Making my own cheese has always been a dream for me, and I actually gave it an unsuccessful try more than a decade ago. It failed because I did not have the proper information.

When I began to cure my own sausages in the basement last year I dismissed the idea of making cheese because the room is not cold enough for ripening cheese. It was only two months ago when I learned that you can also mature cheese in boxes in a refrigerator. “What have I been missing all those years….”, I sighed and quickly ordered the necessary supply and began looking for a good introductory book about cheesemaking.

I decided to buy David Asher’s “The Art of Natural Cheesemaking” mainly because of its – sadly – unusual approach of not using any commercial starter and mould cultures. Not that I have any ideological problems with that. For my dry cured sausages I use a starter culture to make sure there are enough bacteria for converting nitrate into nitrite since I usually use only nitrate. Otherwise I consider the risk of harmful bacteria growth too big.

But Asher’s line of argumentation makes sense to me. Orginally cheese was made as a way to store perishable milk for a long time. The process relied on the microbial flora naturally present in the raw milk and also in the atmosphere. But of course not all bacteria and fungi are harmless, some can actually be pretty nasty. So in the 20th century industrial cheesemaking has embraced the philosophy to first sanitise everything and then inoculate pasteurised milk with the appropriate freeze-dried cultures. So far so good, but today even small scale procucers and hobbyists copy this approach, even though the risk is minimal if you have a trustworthy source of raw milk.

But even if you dont use raw milk, cheese can be made without commercial cultures, and this is perhaps the biggest revelation of this book. David Asher fully relies on kefir for his cheesemaking because it contains a wide spectrum of benefitial bacteria and yeasts. Kefir can be used to strengthen the natural microbial raw milk flora or to reintroduce many of the micro-organisms that have been killed by pasteurisation.

The printed version of the book as 320 pages. The design looks a bit hipsterish but after reading a couple pf pages it becomes clear that this book was written by someone with a deep and fundamental understanding of cheesemaking. Unfortunatlely the tone of the introductory section is a bit harsh in its criticism of the “sanitise and inoculate” concept. I have noticed that quite a few cheese making hobbyists felt offended to be sorted into the same drawer as “big dairy”, people who actively embrace this concept because the countless possibilities of combining starter cultures give them – in principle – the ability to recreate any kind of cheese on the planet.

Obviously, using just a dash of kefir in your milk limits this freedom to some extent. But even then there are plenty of variables left to tweak in cheesemaking so you still will be able to make a huge variety of different cheeses. It’s a bit like working with what nature gives you instead of designing everything from scratch.

The book gives a thorough overview of the basics of cheesemaking and the tools and ingredients needed, and also the requirements for ripening cheese are treated in depth. For the truly ambitious cheesemakers there is even a section that describes how to isolate rennet from a freshly slaughtered calf.

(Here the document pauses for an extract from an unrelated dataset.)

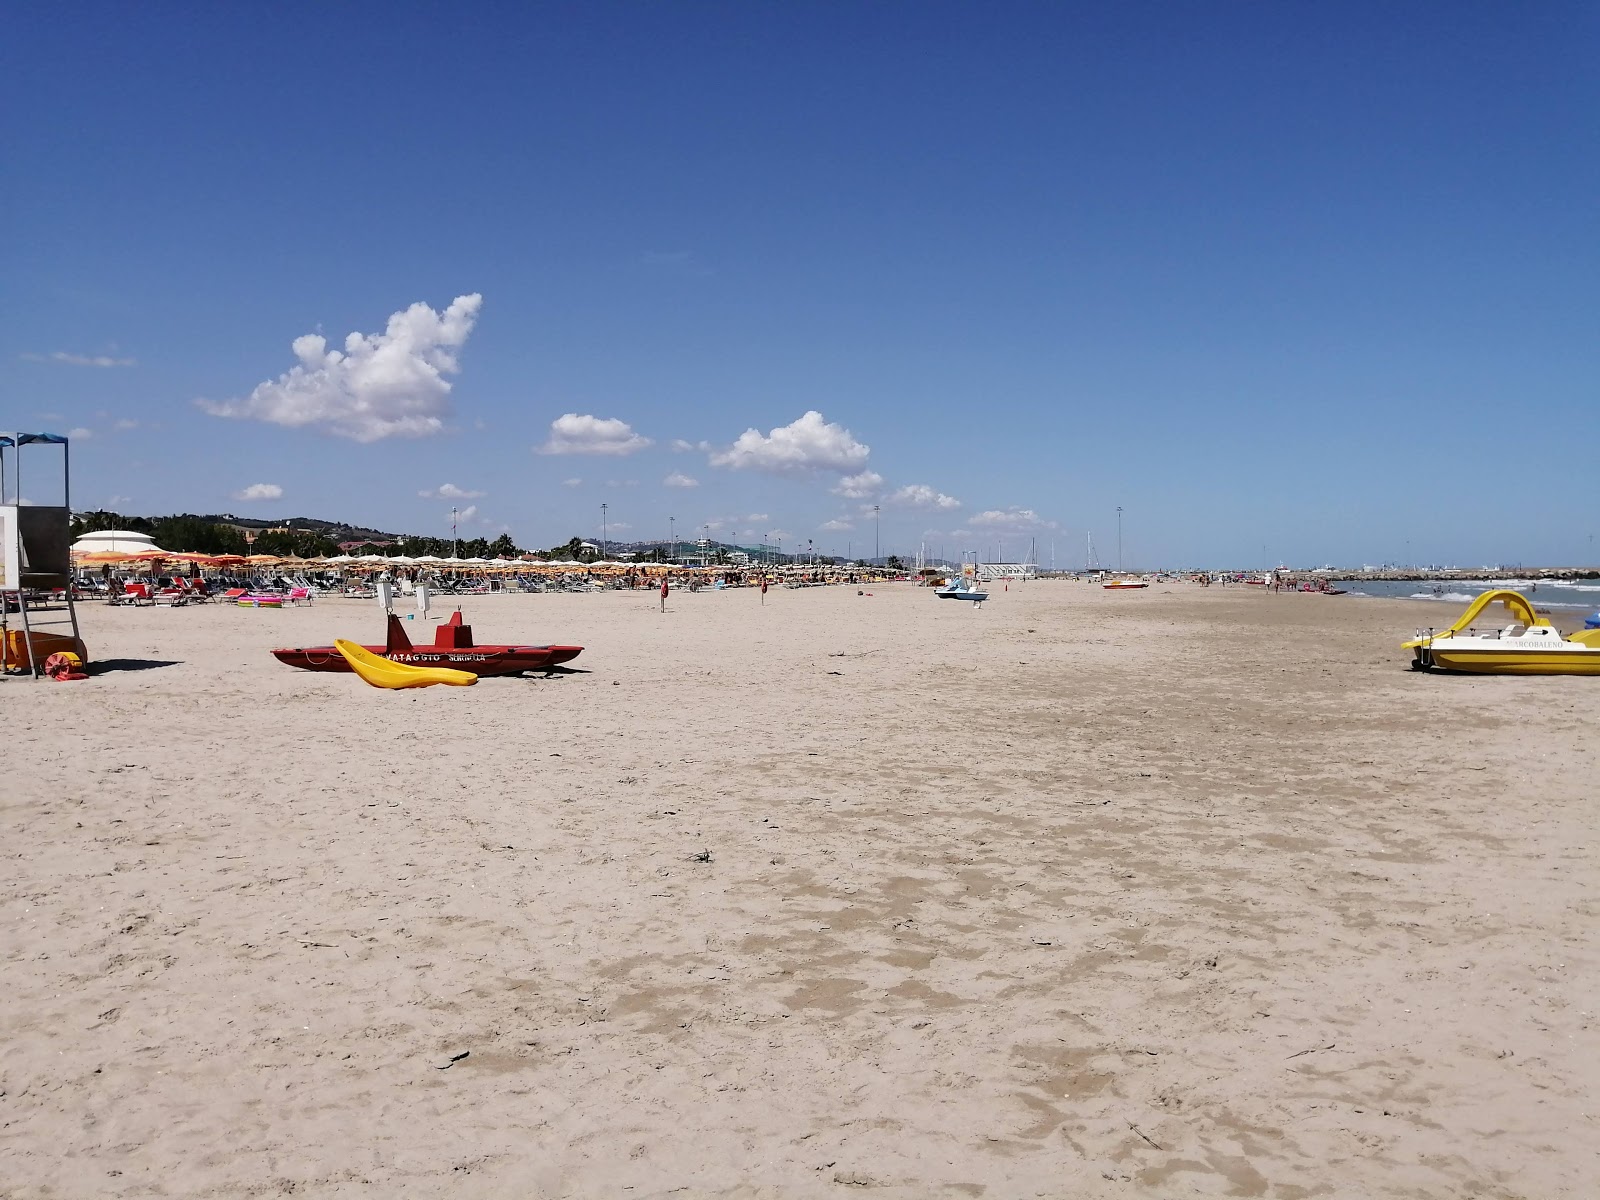 Fotografie cu Giulianova beach cu plajă spațioasă

The following chapters are dedicated to the various types of cheese such as pasta filata, blue, washed rind, alpine etc., each including several recipes. Certainly also owing to the limitations of the kefir approach the cheese recipes rather are examples that can be adapted to personal preferences than they are encyclopedic. If you want to know what makes Munster different from Limburger or Comté different from Gruyère, you will not find the answer in this book.

I have to point out one design flaw of the cheese recipes: Even though the measures are always given both in the Imperial and metric systems, the metric amount of salt needed is always given in millilitres whereas anyone else in the word uses grams. This is of course caused by the infamous “tablespoon” volume measure that is common in non-metric recipes. With salt this is particularly tricky because depending on the grain size the same volume can contain quite different amounts of salt by weight. And it is the weight of the salt, not the volume, which ultimately determines how salty something is.

Long story short, there is actually an easily overread paragraph in the book where Asher says that a tablespoon equals 15 ml  or 10 g salt. But not rembering this I converted the 15 ml with Wolfram Alpha which gave me 32.4 g which obviously is the weight of a solid 15 ml salt crystal. This did look a bit too much to me, so in my first experiments I used a bit less, but still I oversalted to some extent. So this might be a thing to reconsider in a future edition of the book.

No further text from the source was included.